CLAIR-OBSCUR
Critique du film
New York, 1929. Derrière son chapeau, Irene cache une partie de son visage, seul moyen pour elle de se déplacer tranquillement en ville et dans les magasins. Si elle peut le faire c’est que, bien qu’Afro-Américaine, sa peau est claire. Alors qu’elle s’installe à la terrasse d’un café, elle croise le regard d’une femme blonde qu’elle tarde à reconnaître. Il s’agit d’une de ses amies d’enfance, Clare, Afro-Américaine à la peau claire également, qui se fait totalement passer pour blanche et vit comme telle. Cette rencontre va bousculer leurs vies respectives, Clare décidant de renouer les liens avec Irene et de passer de plus en plus de temps avec elle à Harlem.
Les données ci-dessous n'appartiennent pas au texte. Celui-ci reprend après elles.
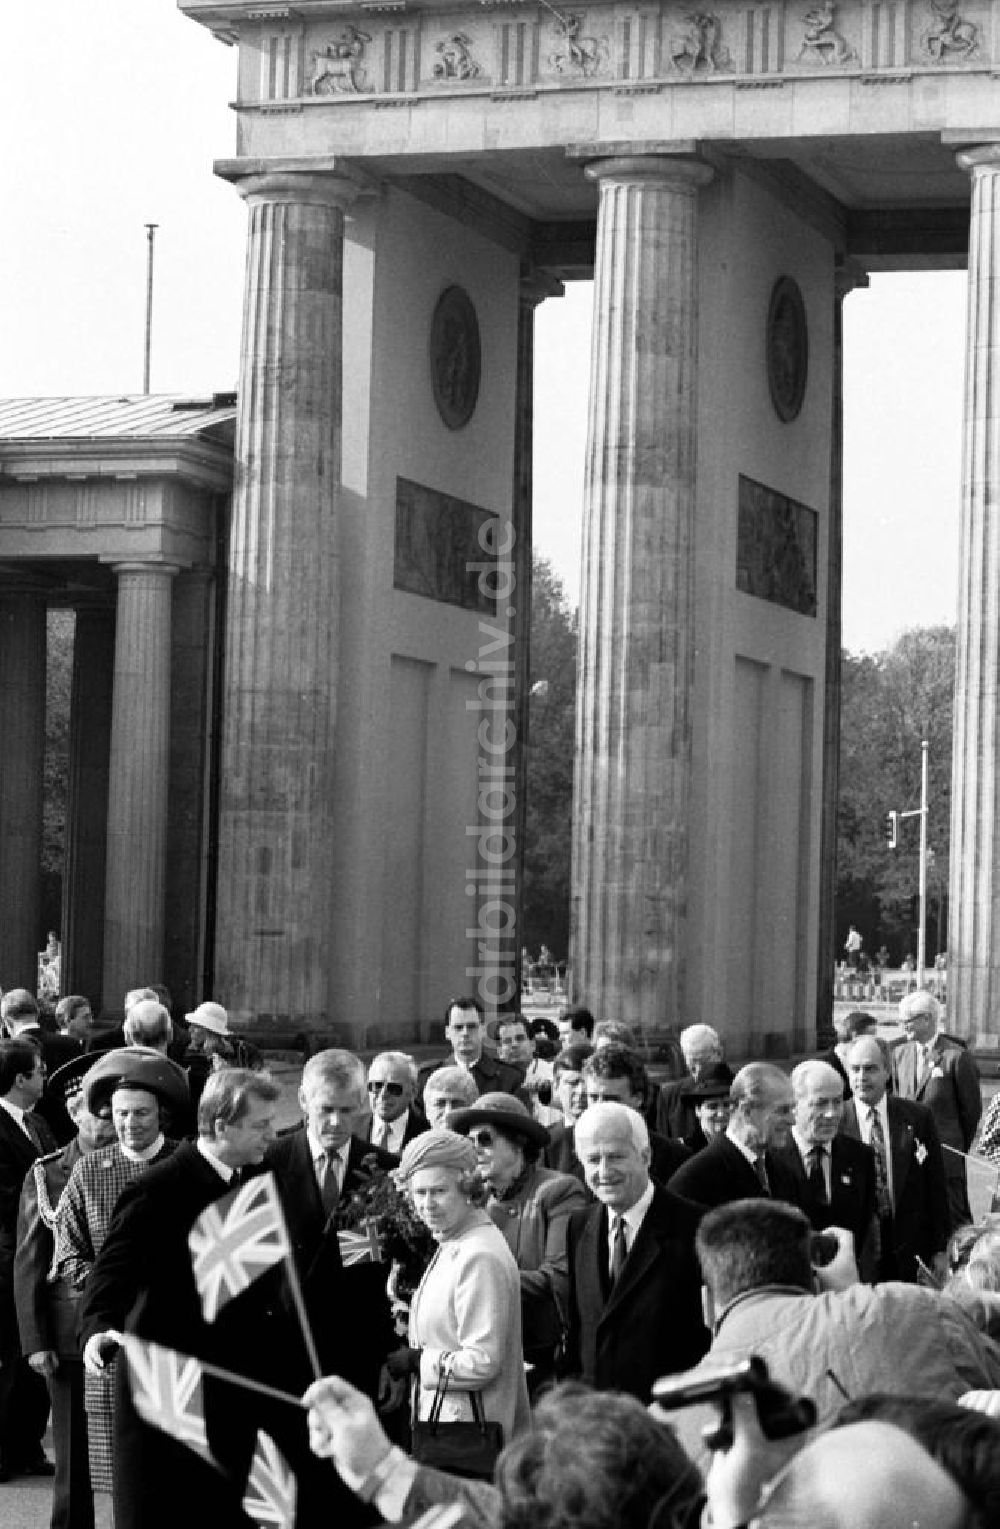 Berlin-Mitte: Besuch der Königin Elisabeth II. (Queen Elisabeth II.) des Vereinigten Königreich von Großbritannien und Nordirland in Berlin

Pour son premier film, Rebecca Hall adapte un roman de 1929 de Nella Larsen, qui fait écho à l’histoire de sa propre famille puisque son grand-père se faisait passer pour blanc. Le « Passing », titre original du roman et du film, est un terme de sociologie désignant la capacité d’une personne à être considérée comme appartenant à une autre groupe social que le sien. En abordant ce thème dans l’Amérique ségrégationniste des années 1920, Rebecca Hall dresse bien évidemment un portrait du racisme omniprésent à cette époque et de la condition sociale des populations afro-américaines, mais elle va plus loin en s’interrogant sur la façon dont chacun réagit à une telle exclusion sociale et va composer avec sa propre identité.
Si les premières scènes peuvent laisser sous-entendre un traitement faussement simpliste avec d’un côté Clare, l’Afro-Américaine « passée » du côté des blancs, et de l’autre Irene, celle qui n’a pas renié ses origines et qui s’investit auprès de sa communauté, on constate rapidement que les personnages sont plus complexes qu’il n’y paraît, animés de sentiments et de comportements ambigus et contradictoires, auxquels le titre français Clair-obscur fait habilement référence. Rebecca Hall ne donne aucune réponse préconçue et livre une réflexion intelligente sur les rapports sociaux et sur la façon dont ils affectent les êtres.
Esthétiquement le film est une très grande réussite, d’une maîtrise étonnante pour une première œuvre. Rebecca Hall a fait le choix du noir et blanc et du format 1.33 pour ancrer totalement Clair-obscur dans l’époque qu’il dépeint. La photographie d’Eduard Grau va également dans ce sens, rendant hommage au cinéma des années 1920/30. Il y a presque pour Rebecca Hall une volonté de faire une adaptation contemporaine du roman de Nella Larsen. Pour autant, la réalisatrice s’en détache par des nuances, en intégrant quelques éléments de modernité, notamment certains plans sur des détails, des instants suspendus dans le récit ou encore une belle utilisation des flous. La réalisatrice donne en fait à sa mise en scène des touches de douceur et de délicatesse qui sont en adéquation avec le jeu de ses actrices : Tessa Thompson et Ruth Negga (Loving) livrent des prestations tout en retenue mais où les apparences cachent en fait un mal-être dissimulé.
Œuvre réfléchie autant sur le fond que sur la forme, Clair-obscur surprend par sa maturité pour un premier film et place incontestablement Rebecca Hall, dont on connaissait déjà les talents d’actrice, parmi les cinéastes à suivre de très près.